IBM Takes Step Toward 90-nm Chip Process

The company has begun work on making a processor for chip designer Xilinx using a 90-nanometer process.

IBM on Monday said it has taken another step forward in its push to create a 90-nanometer chip.

The company has begun work on making an FPGA (field programmable gate array) processor for chip designer Xilinx Inc., of San Jose, Calif.

Currently, IBM uses a 130-nm process to build its chips. However, using a 90-nm process would mean smaller transistors, which in turn could mean better forming chips containing more transistors than are on current processors.

Xilinx has sent IBM the data needed to map out the chip, according to IBM, in East Fishkill, N.Y. IBM will start making the new chip in volume in the second half of 2003 in its new $2.5 billion 300-mm chip-making facility, which began operations earlier this year.

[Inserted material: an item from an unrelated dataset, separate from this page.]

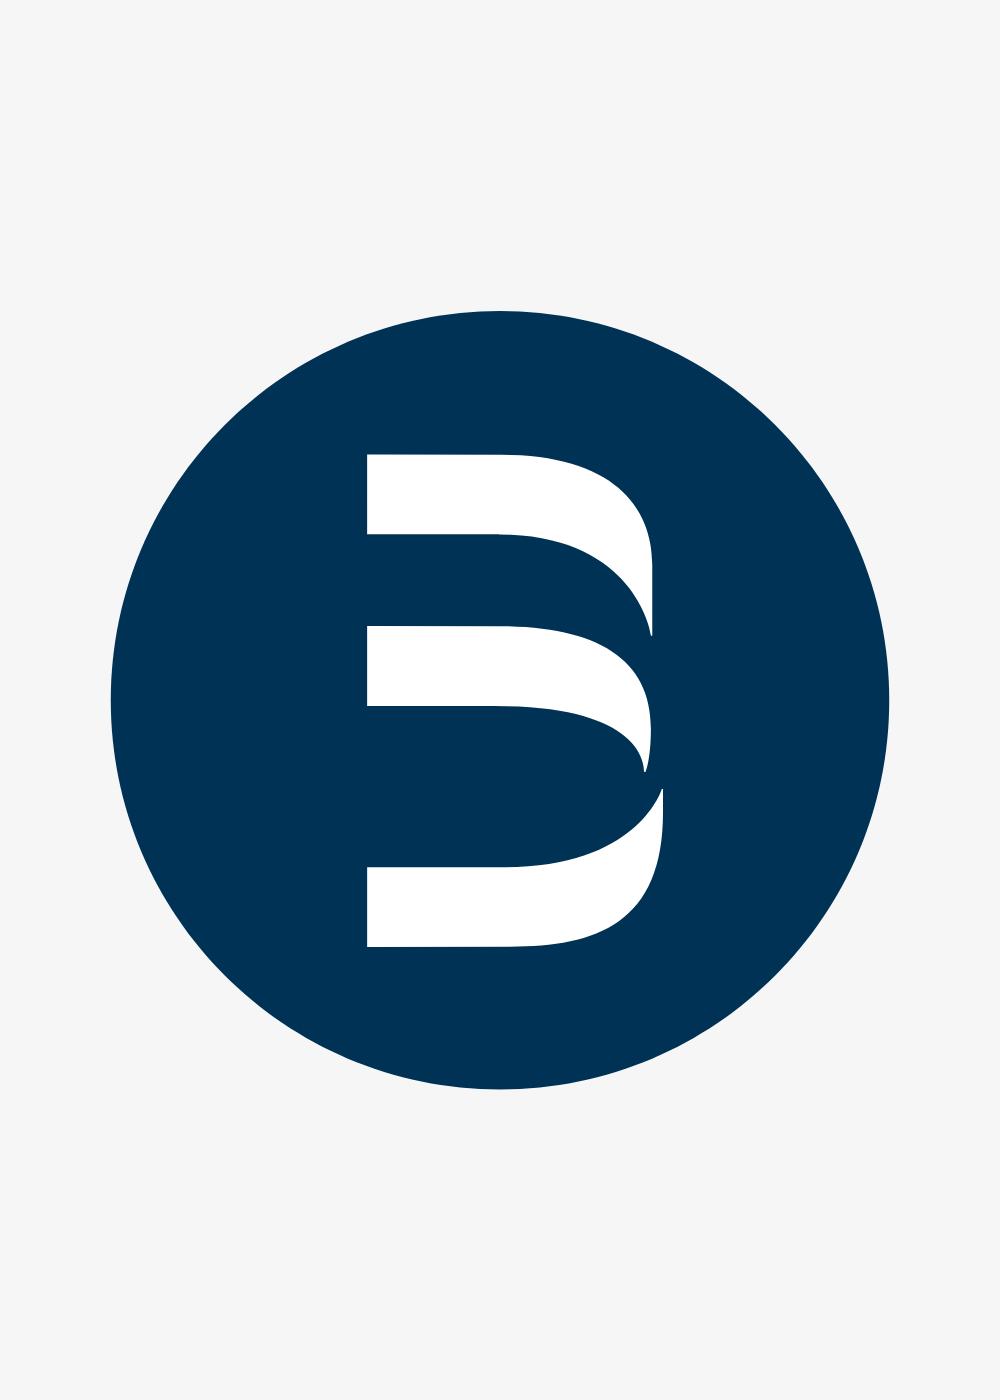 Bernstein Group Bildmarke

IBMs announcement puts it in a race with Intel Corp. to build the first 90-nm chip. Intel, of Santa Clara, Calif., is working on a new Pentium chip, code-named Prescott, which it says will be made using a 90-nm process. The process used in making Prescott, which is expected to be released at about 3.2GHz in the second quarter of 2003, will enable Intel to cut its production costs.

IBM also expects production costs to be slashed, which will result in chips costing between 30 percent and 70 percent less than current processors, according to IBM.